Dataset extract: Begin

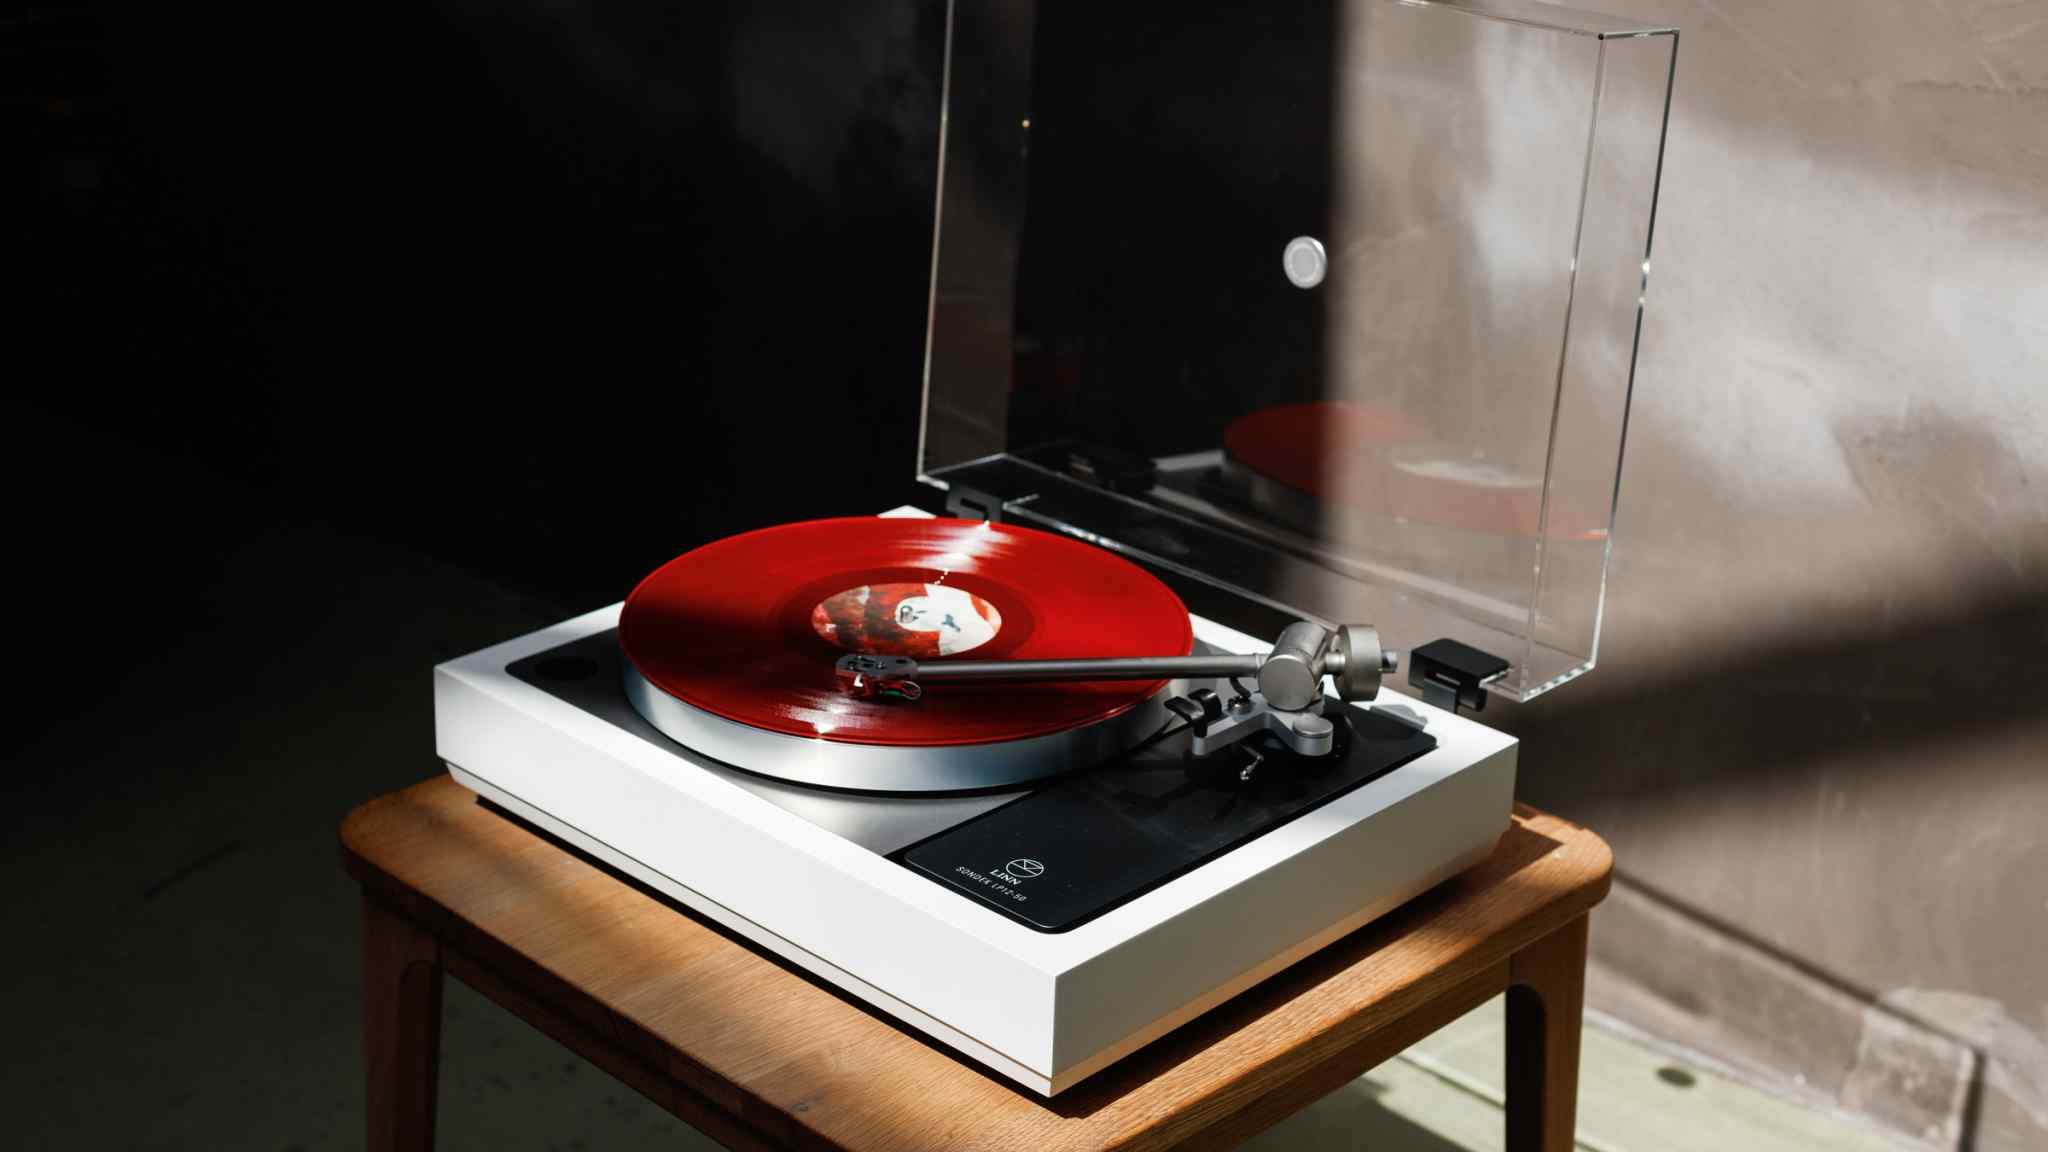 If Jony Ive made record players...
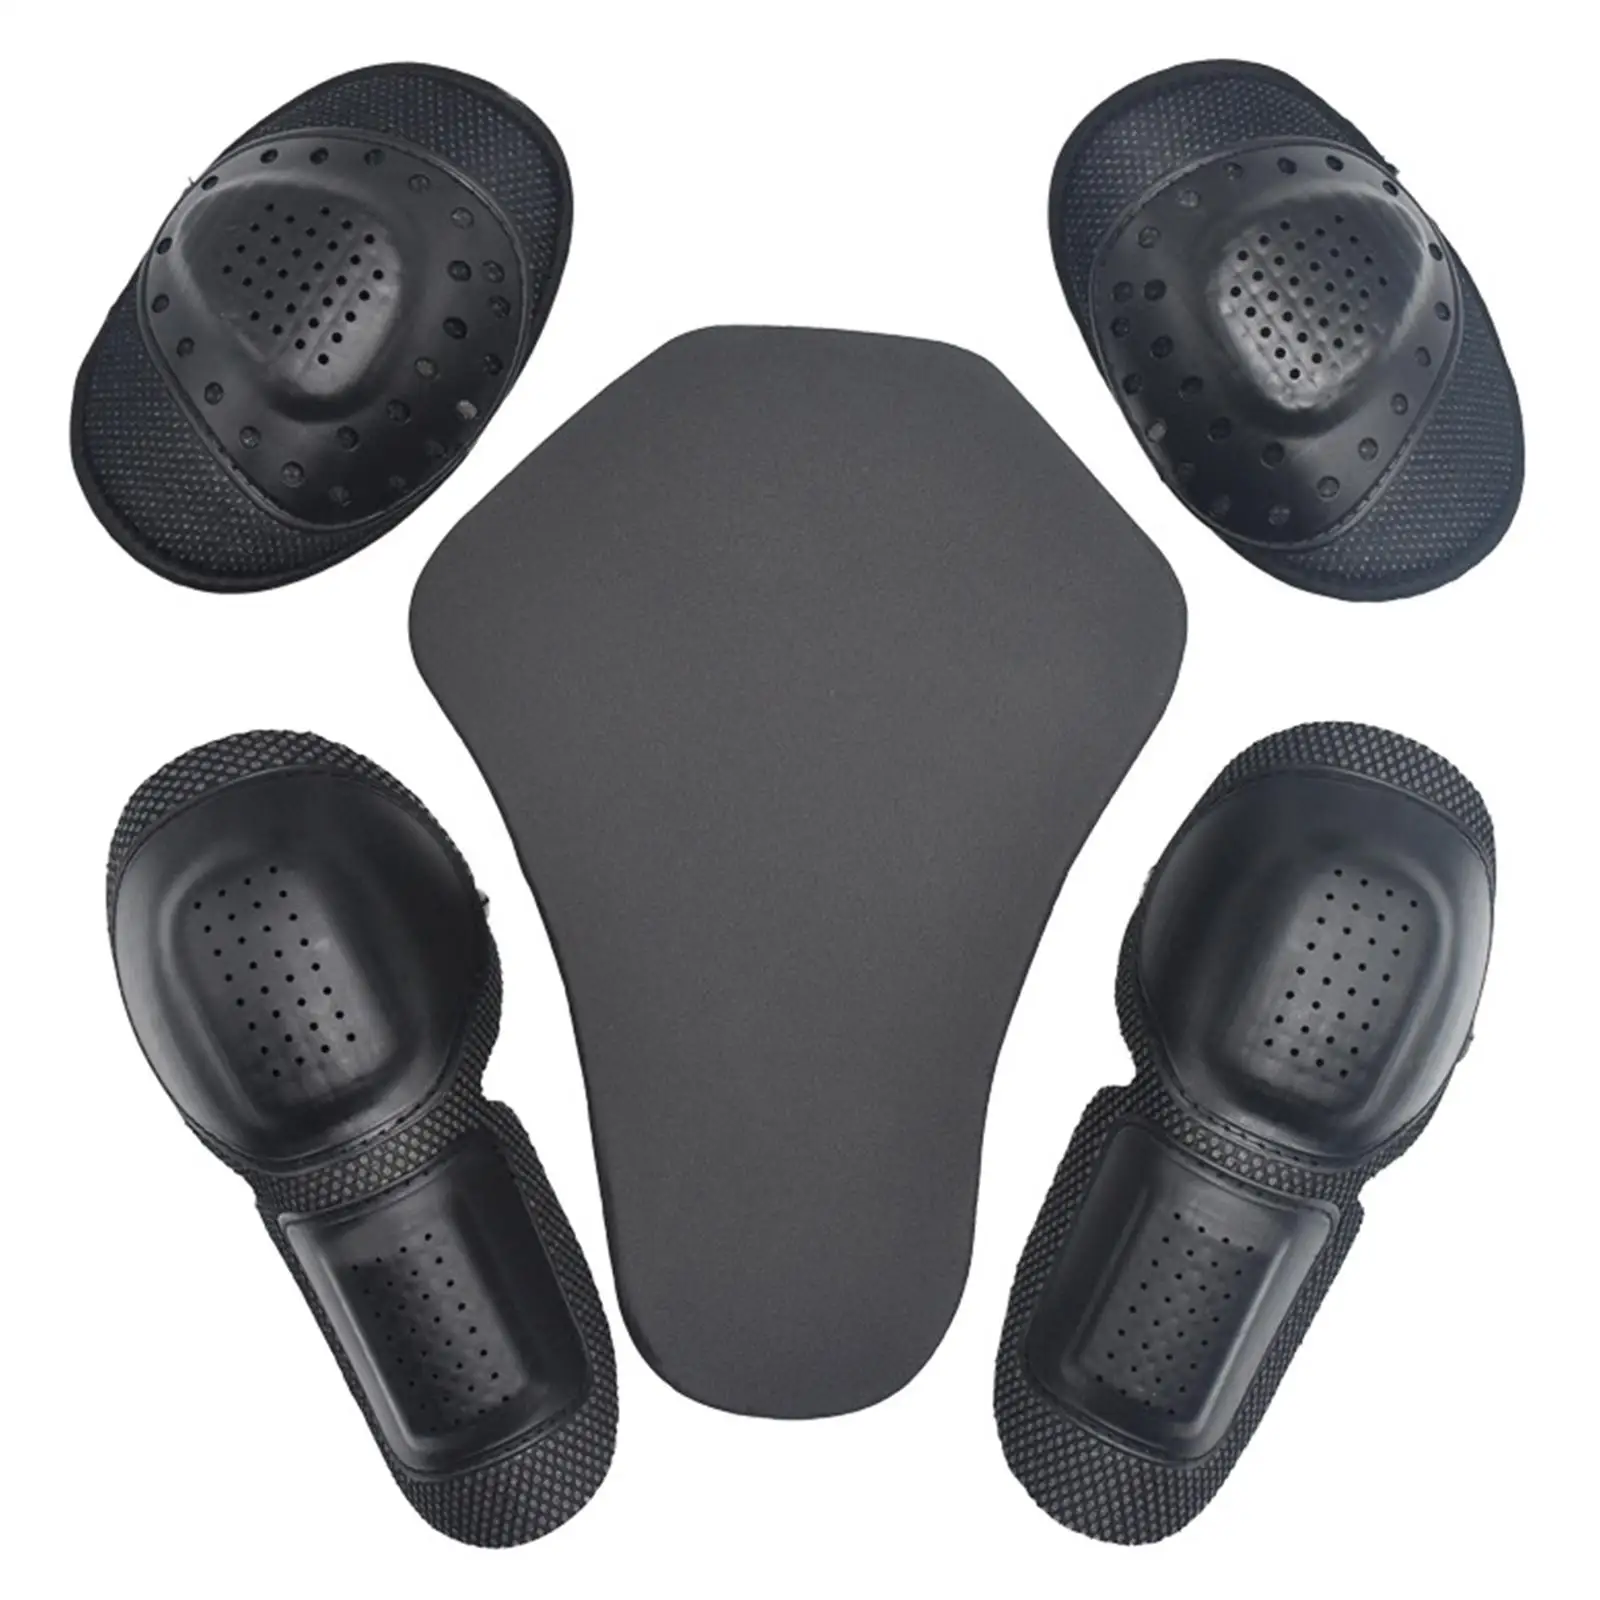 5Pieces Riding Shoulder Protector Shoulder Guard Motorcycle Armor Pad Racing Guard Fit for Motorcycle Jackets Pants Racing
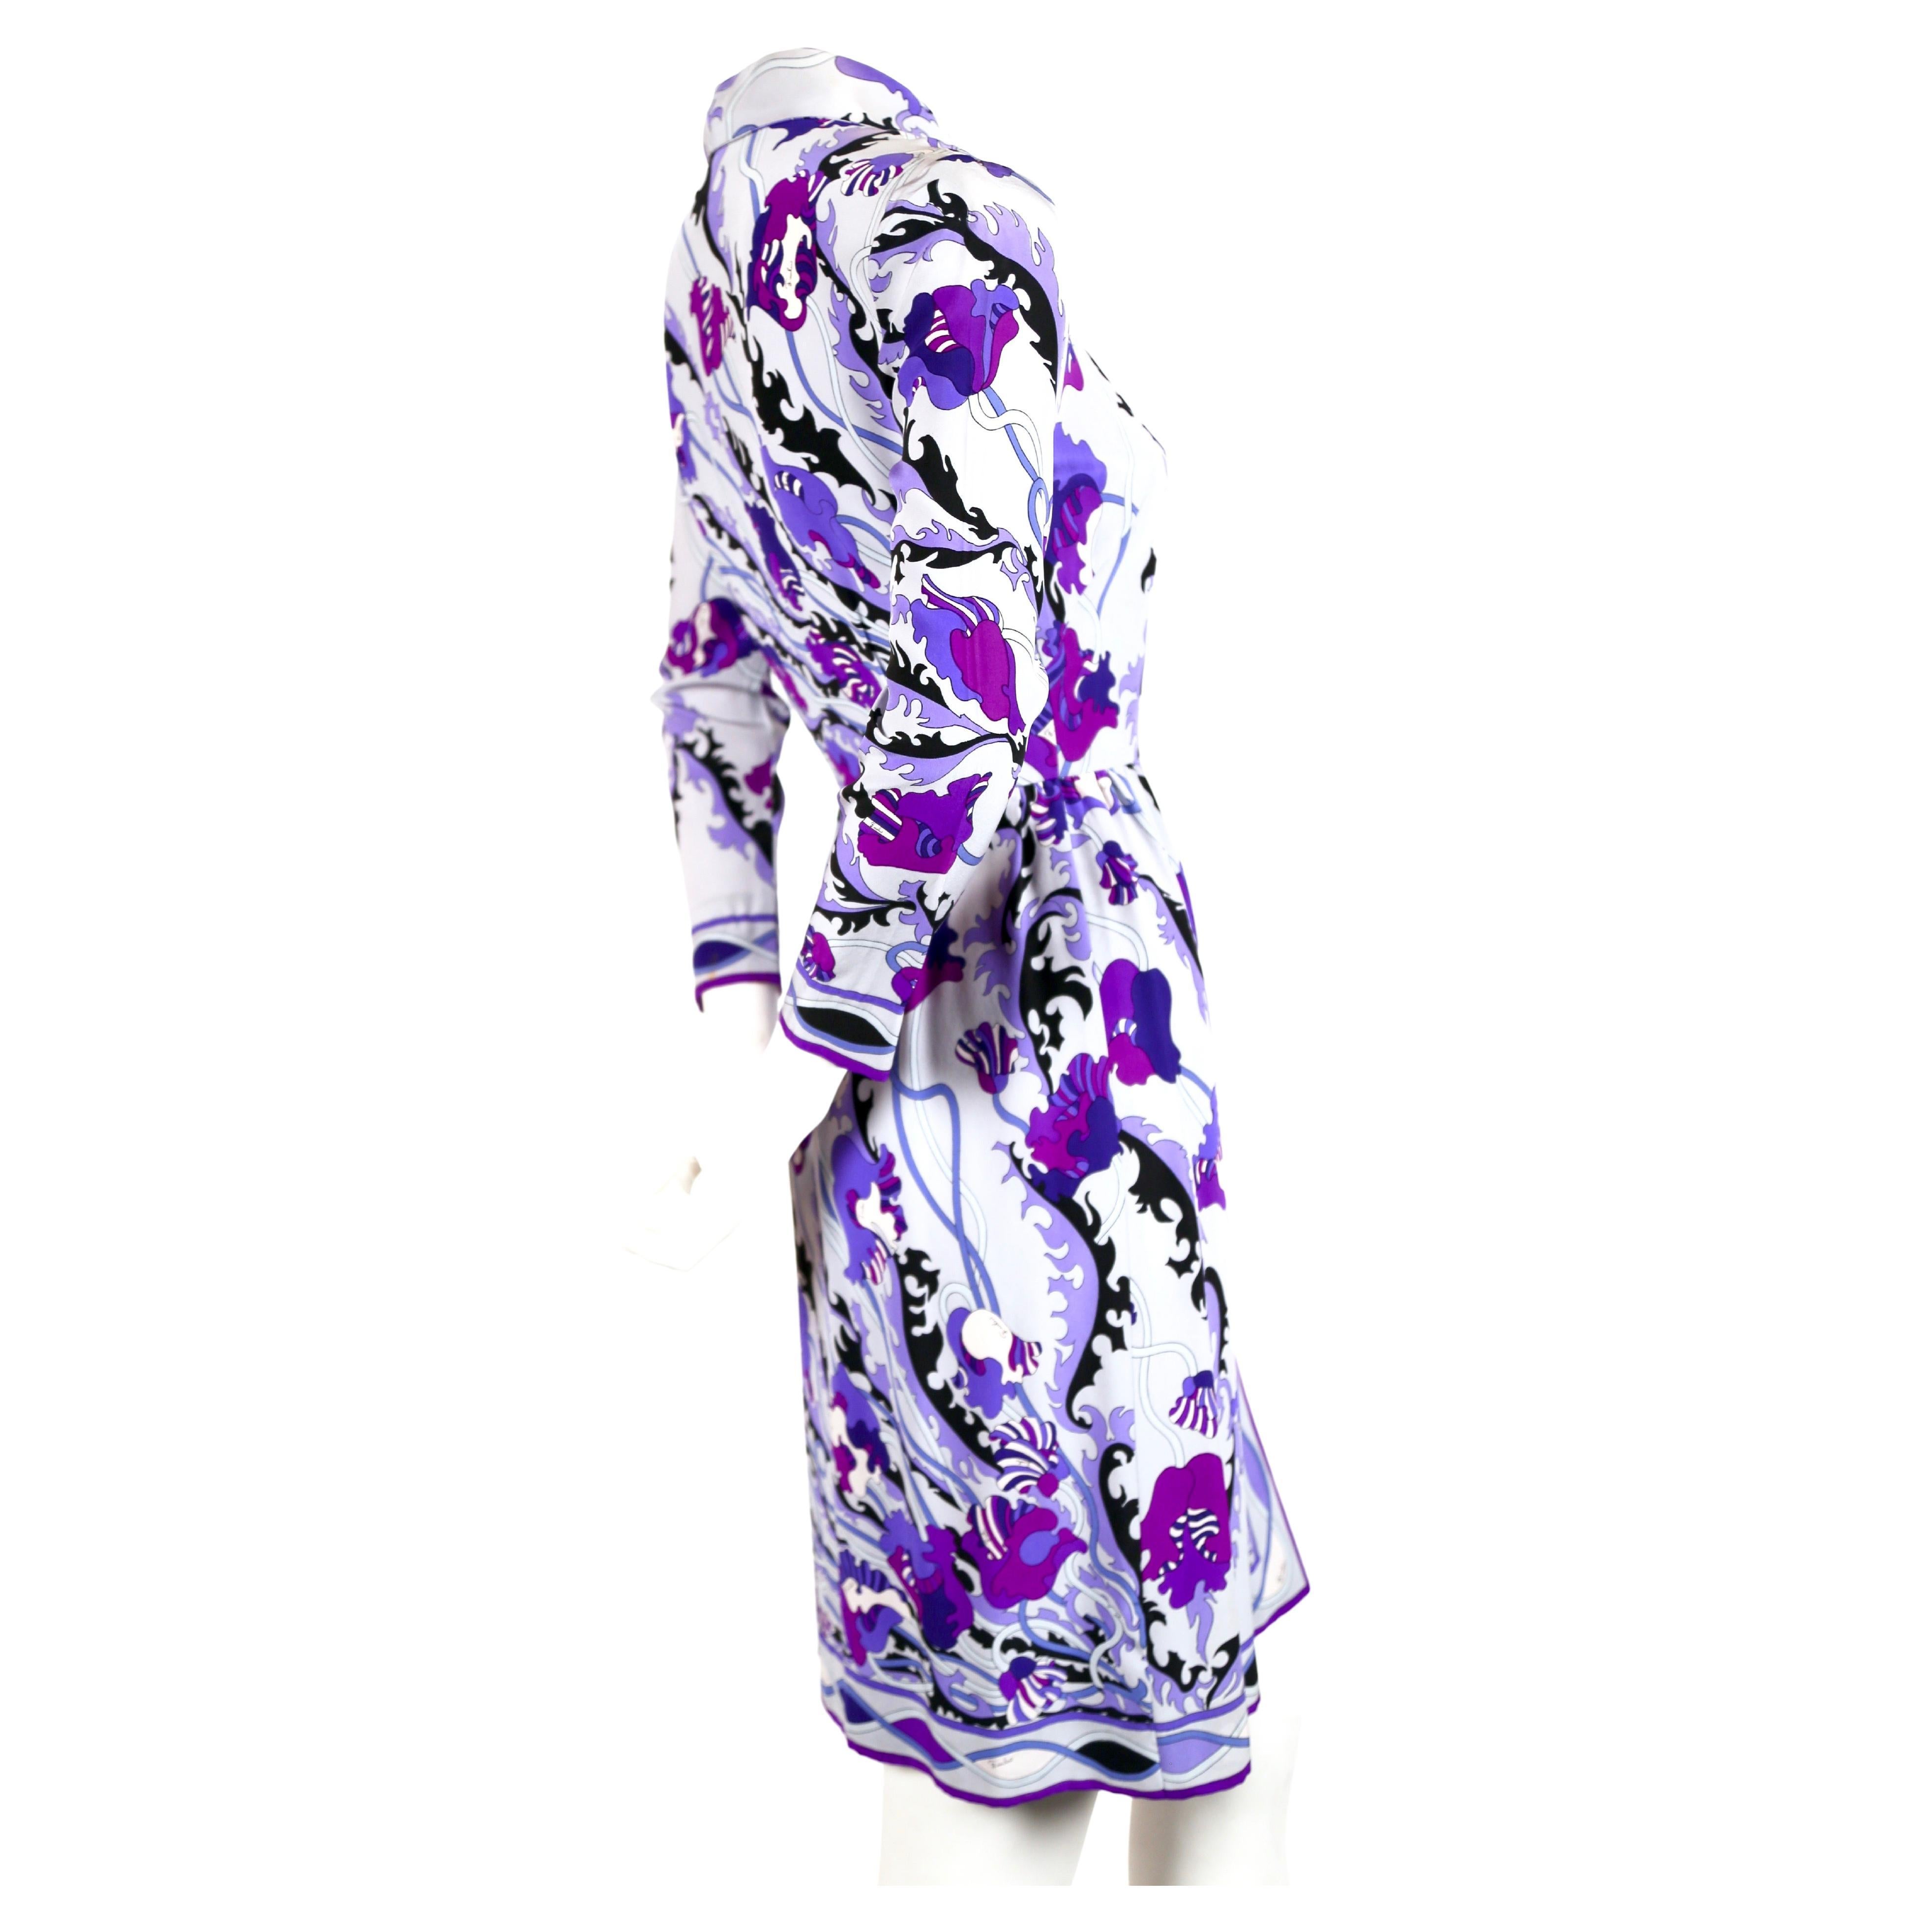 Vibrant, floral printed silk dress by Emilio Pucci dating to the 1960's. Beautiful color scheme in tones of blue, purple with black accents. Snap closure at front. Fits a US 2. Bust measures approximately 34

Dataset extract: End

◆ **What is needed**: Copy the material exactly. Do not include the pictures.

◆ **Exercise output**:
 If Jony Ive made record players...
 5Pieces Riding Shoulder Protector Shoulder Guard Motorcycle Armor Pad Racing Guard Fit for Motorcycle Jackets Pants Racing
 Vibrant, floral printed silk dress by Emilio Pucci dating to the 1960's. Beautiful color scheme in tones of blue, purple with black accents. Snap closure at front. Fits a US 2. Bust measures approximately 34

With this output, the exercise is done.